'''

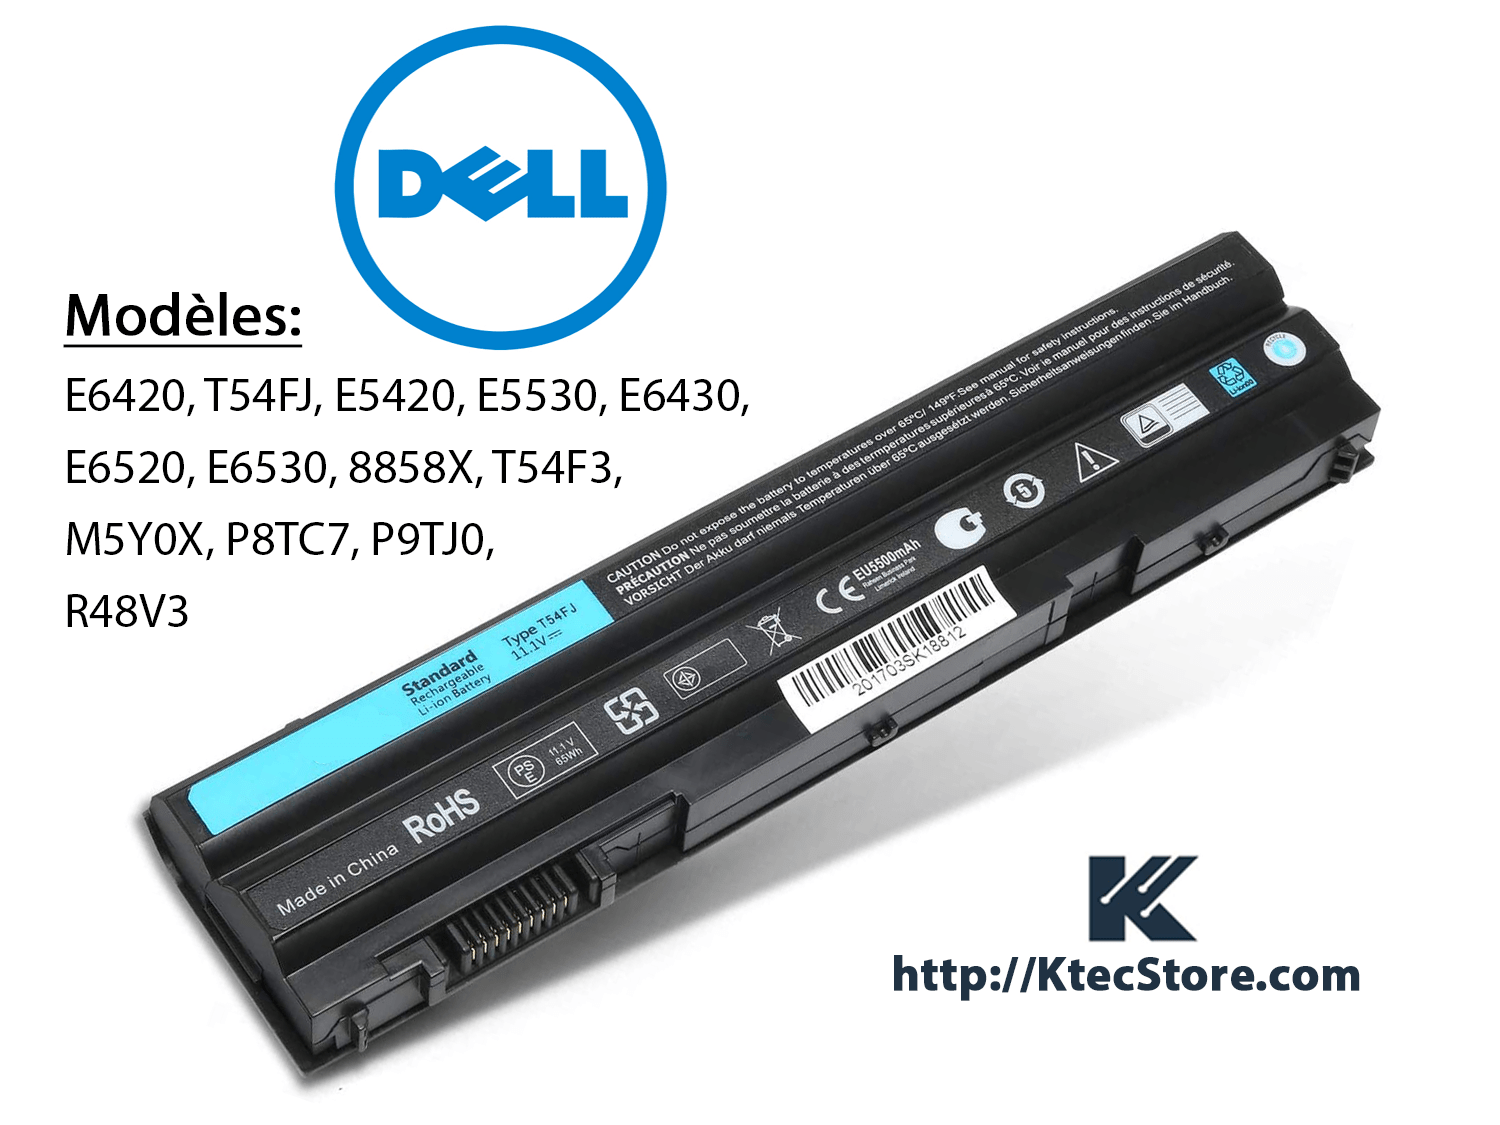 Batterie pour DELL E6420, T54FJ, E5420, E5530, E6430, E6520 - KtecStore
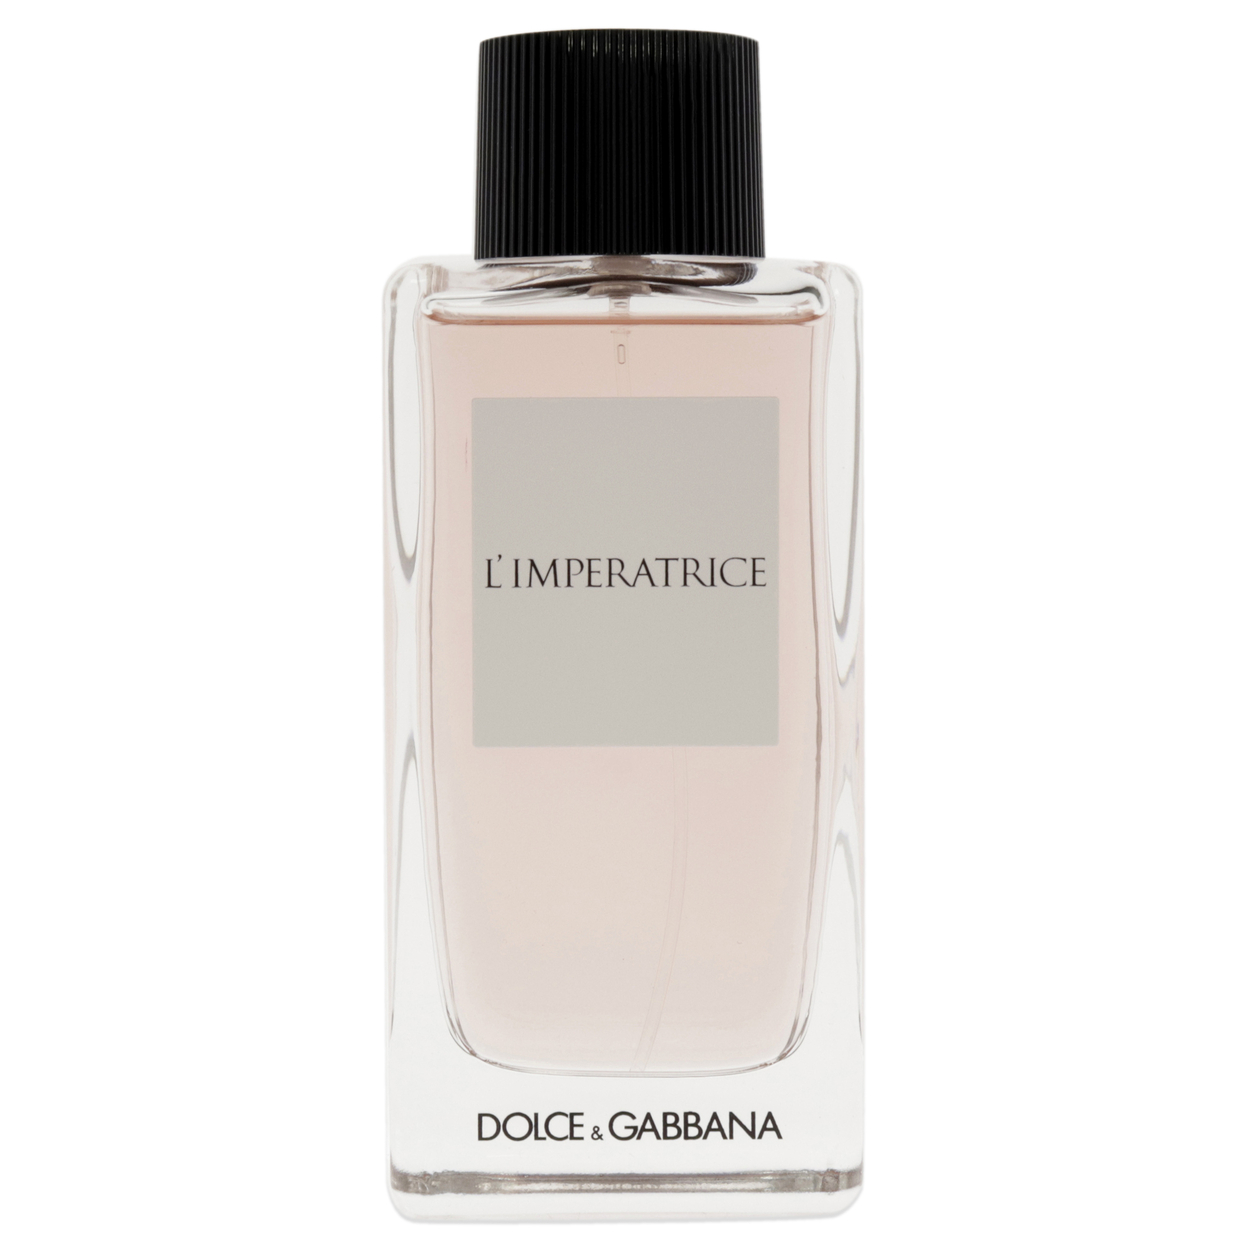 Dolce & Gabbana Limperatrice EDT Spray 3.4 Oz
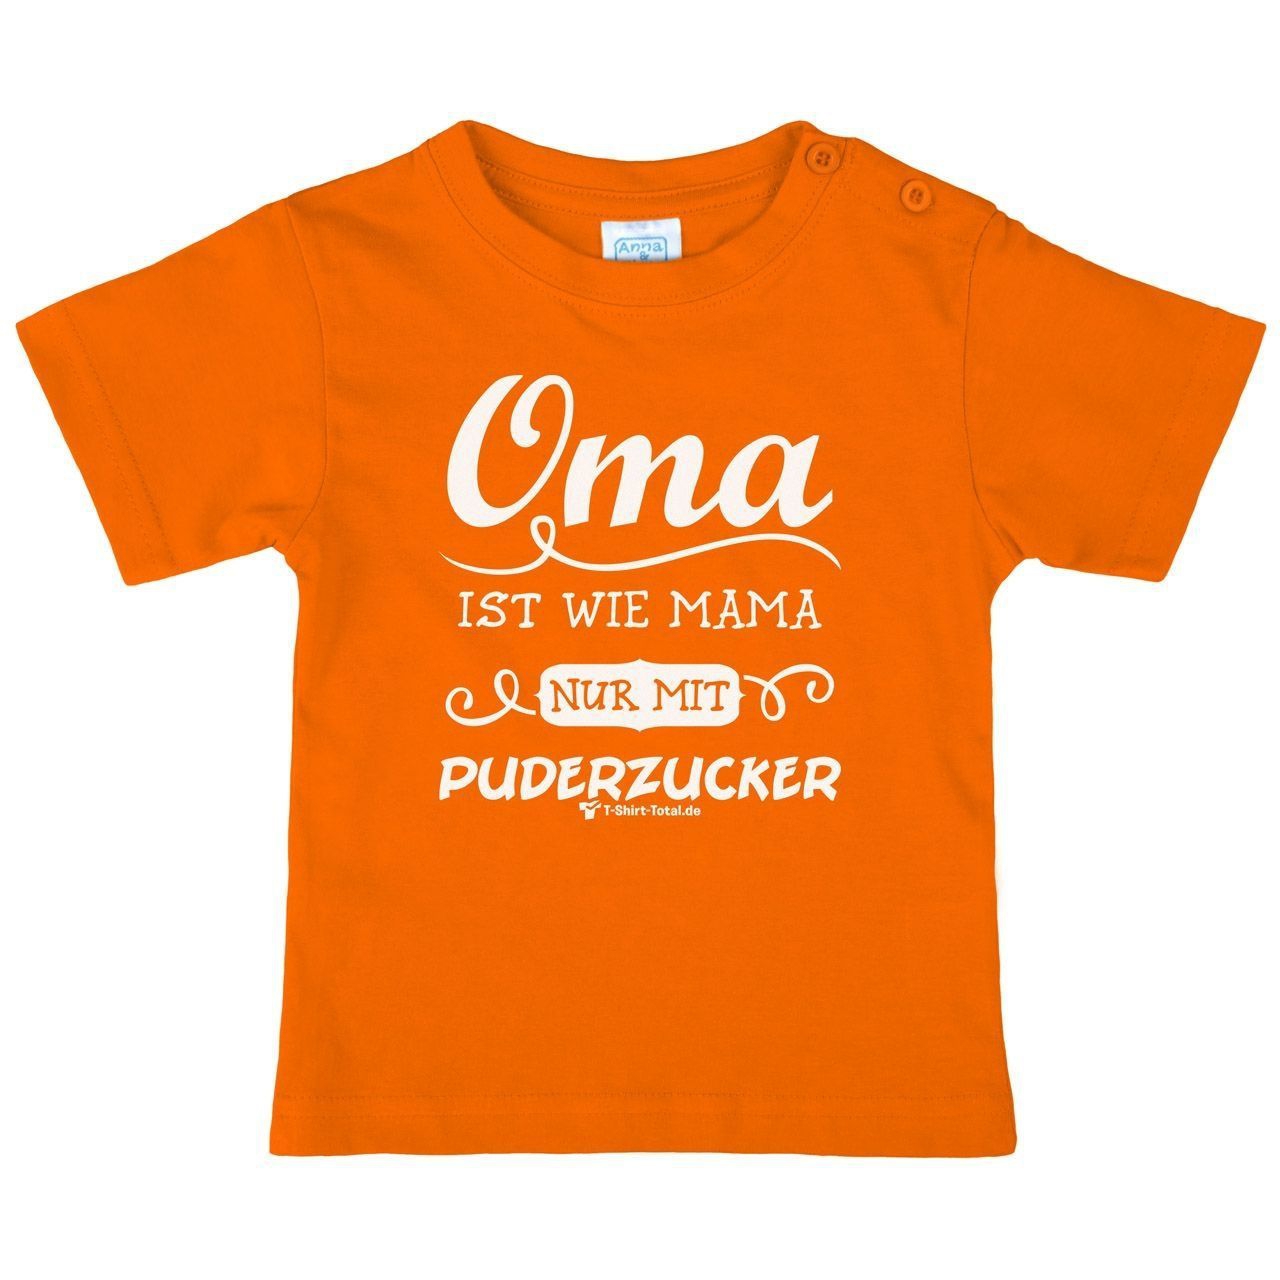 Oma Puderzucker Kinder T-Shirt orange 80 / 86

'''

DIRECTIONS FOR THIS TASK: Copy out the whole listing exactly. Skip its pictures.

YOUR SOLUTION:
 Batterie pour DELL E6420, T54FJ, E5420, E5530, E6430, E6520 - KtecStore
 Dolce & Gabbana Limperatrice EDT Spray 3.4 Oz
 Oma Puderzucker Kinder T-Shirt orange 80 / 86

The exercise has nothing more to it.